Красная книга 15

Орлов Кирилл
  Они так и не зажигали свет и теперь, погруженная в вечерние сумерки, квартира казалась сценой давно опустевшего театра, с безжизненными декорациями, бутафорией...
  - Болван, - коротко и зло, словно пощечина.
  Он был невозмутим и спокоен, как всегда, и мысли его, будто лишенные какой-то искры, делающей неживое живым, были сухи и покойны. "Трудно не согласиться", - все, о чем он подумал.
  - Ты же...
  - ...абсолютно...
  - ...деревянный,
  - ...бревно, - уже медленней и раздельно, все с той же злостью; последнее слово, сплюнуто комком жеваной бумаги.

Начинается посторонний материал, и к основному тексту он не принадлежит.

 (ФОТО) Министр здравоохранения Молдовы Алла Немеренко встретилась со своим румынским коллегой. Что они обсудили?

  "Ну, не деревянный. Но отчасти, безусловно, права".
  Кажется, за все это время Егор ни разу не шелохнулся, можно было решить, что он и не дышит вовсе, стоя перед ней какой-то странною куклой. Высокий, широкоплечий, даже сейчас, ссутулившись, он возвышался над головой Ольги, как минимум, сантиметров на двадцать, - безмолвная стена, о которую разбивались любые ее порывы, любые слова.
  - Ты способен хоть на какие-то чувства?! Ну, что ты молчишь?! - и это уже крик, и в нем кроется столько просящих ноток, столько подсказок для того, кто хотел бы что-то изменить, но...

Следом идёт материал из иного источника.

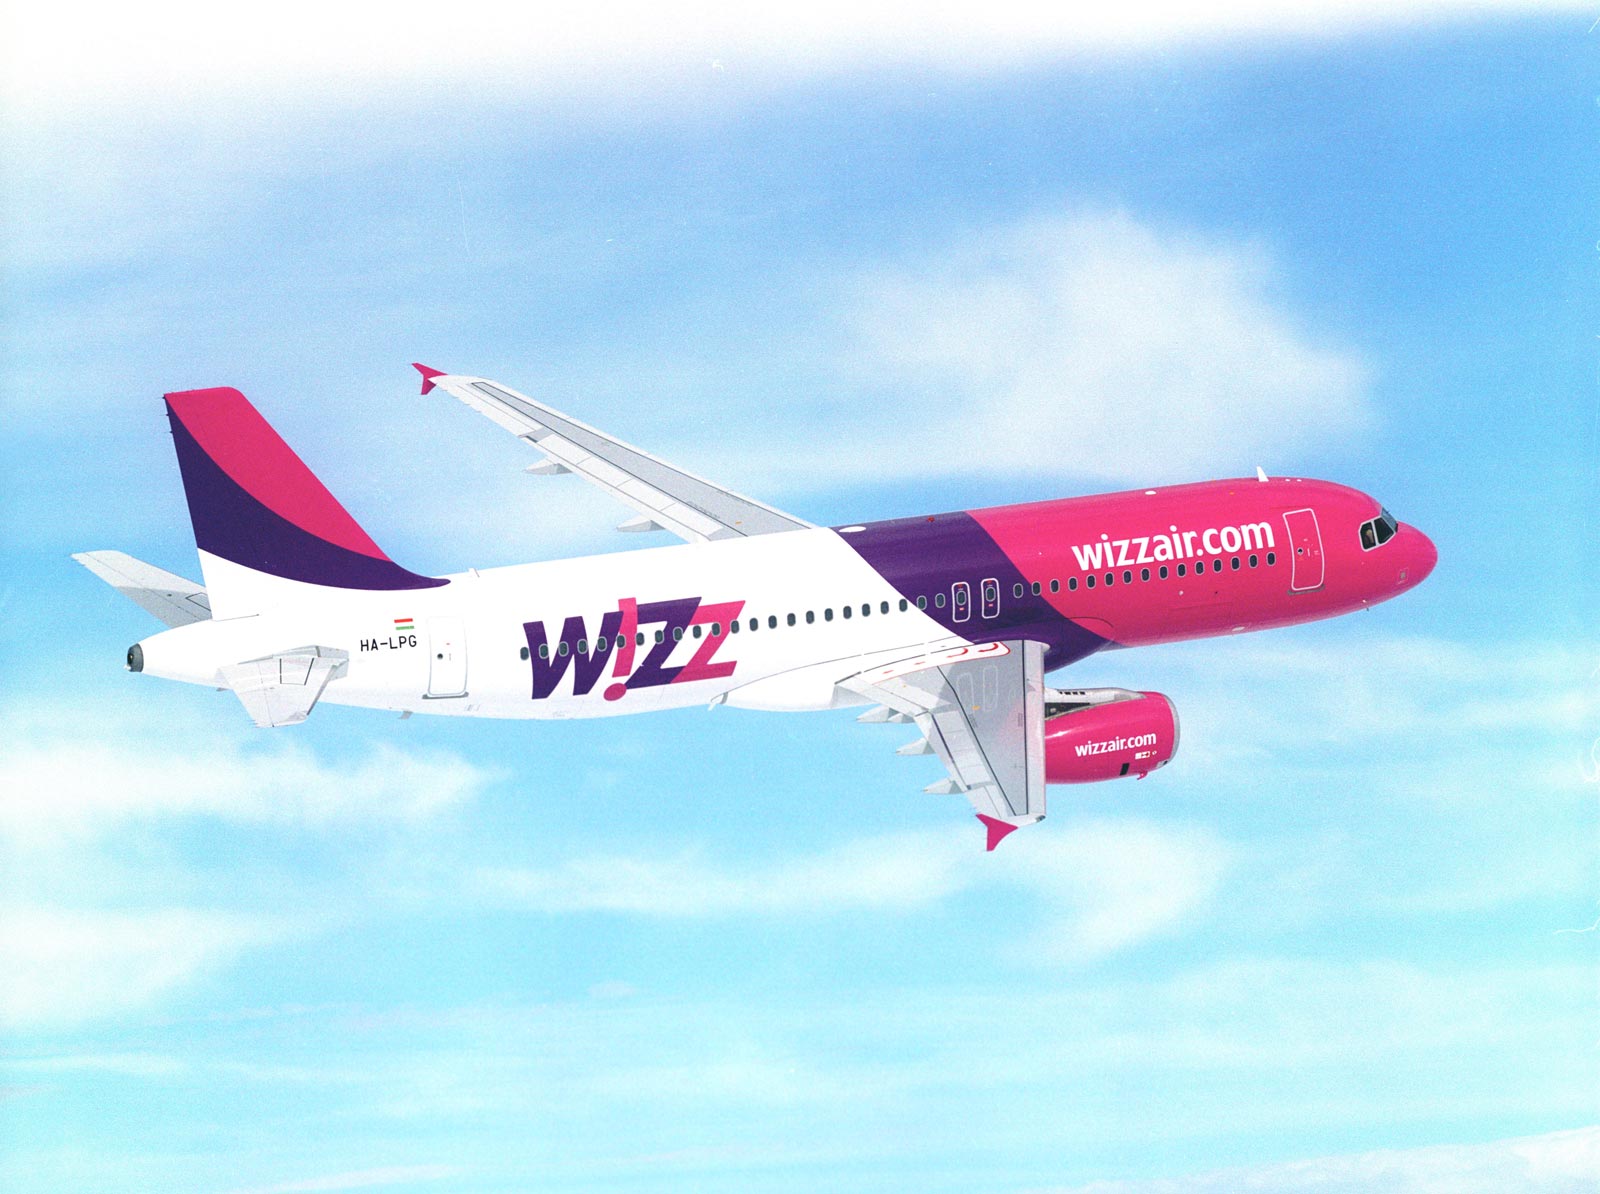 Les Airbus de la compagnie hongroise Wizz Air intéressent le groupe Air France pour développer son offre low cost  - DR

  "Мне кажется, сейчас она даже красивее обычного...
  Как же знакомы все эти фразы. Всегда все одно и то же: месяц, год, - не имеет значения".

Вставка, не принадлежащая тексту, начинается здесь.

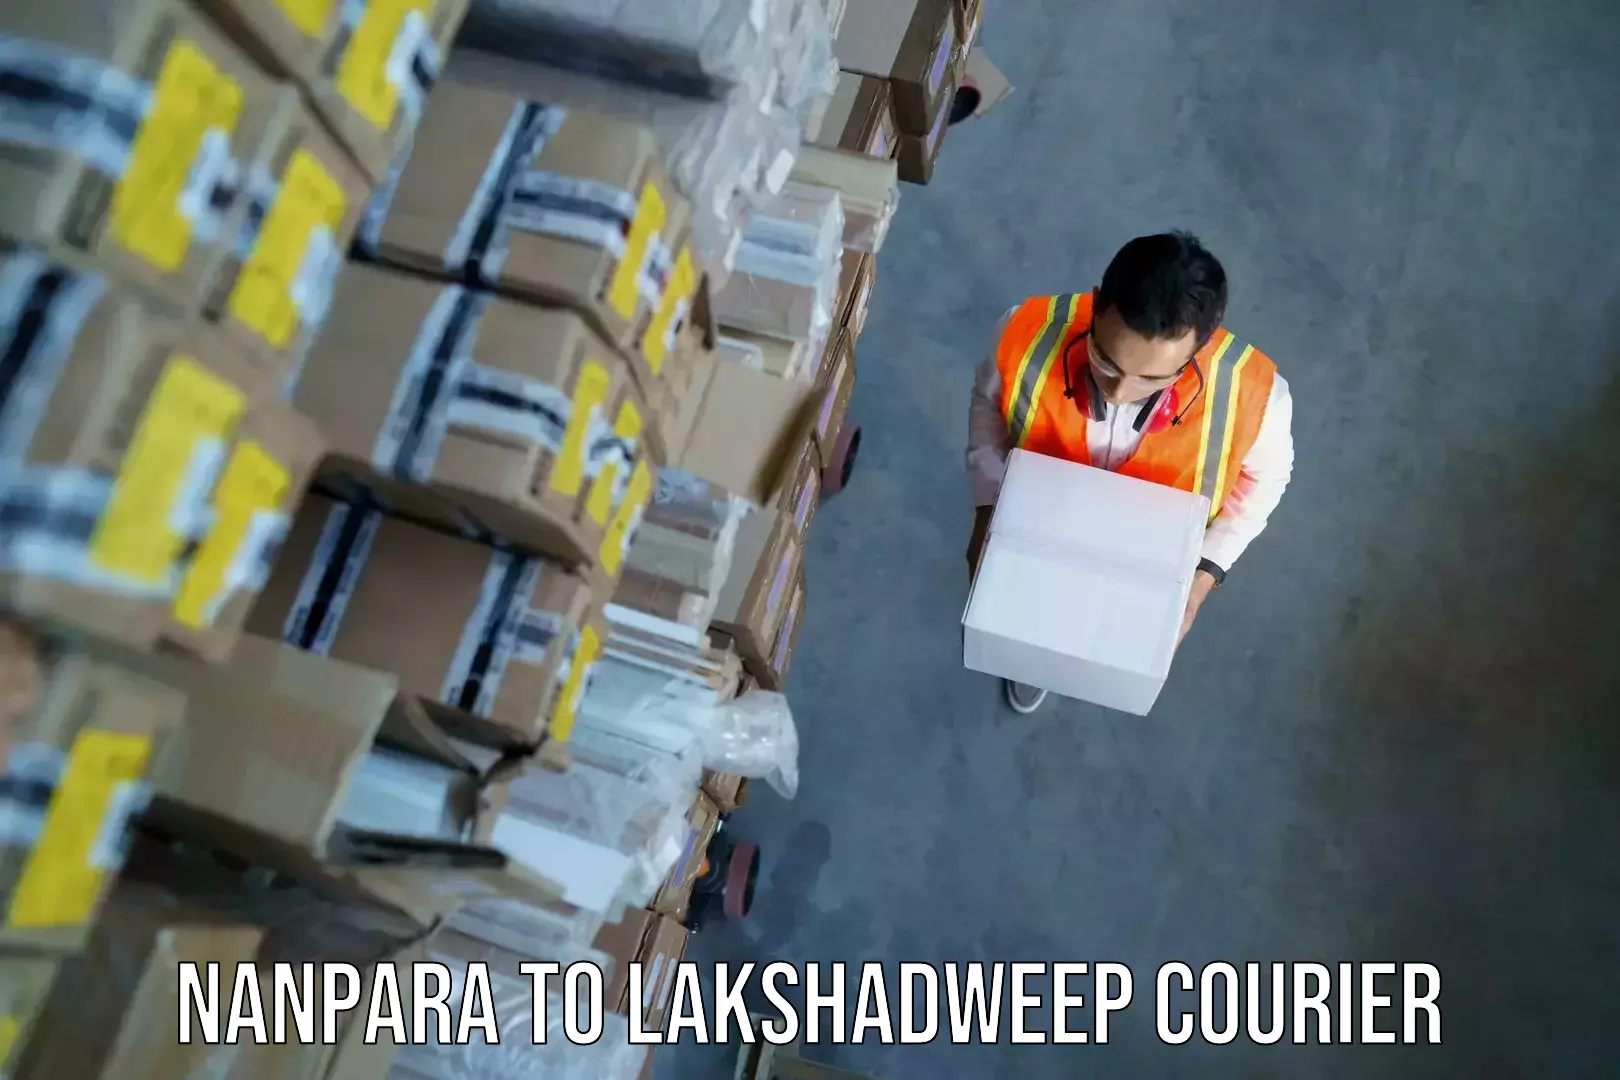 Baggage shipping experience Nanpara to Lakshadweep

  Молчанье. Ольга, гордая, сильная, всегда считавшая себя выше таких вспышек, не выдержав, подскочила, занося руку. И также неожиданно замерла. Ей представился огромный серый камень, холодный, неподвижный, живущий своей, совершенно непостижимой для людей жизнью.
  - Вещи я заберу позже, - уже спокойно сказала она, провела рукой по его жестким коротким волосам и, развернувшись, вышла в полумрак коридора. Щелкнула входная дверь.

  "...и ничего".
  Он все так же стоял посреди комнаты: не включая свет, не меняя позы, с тем же отсутствующим выражением на лице, прислушивающийся к своему внутреннему пространству, - но ни малейшего чувства, ни тени, ни колебания, нет, - лишь привычная пустота.
  - Вода и глина, скреплены огнем
  и длинный ноготок закончил имя
  на лбу твоем, - неожиданно для себя, Егор прочитал эти строчки вслух. Несколько строчек далекого прошлого - тишина колыхнулась, вновь смыкаясь.
 
  Наверно, правы те, кто считают, что корни всех наших неурядиц, всех проблем, всех трудностей в нас самих, наше прошлое, наше появление на этом свете скрывает их. Мы заложники того, чего иногда и не вспомнить вовсе.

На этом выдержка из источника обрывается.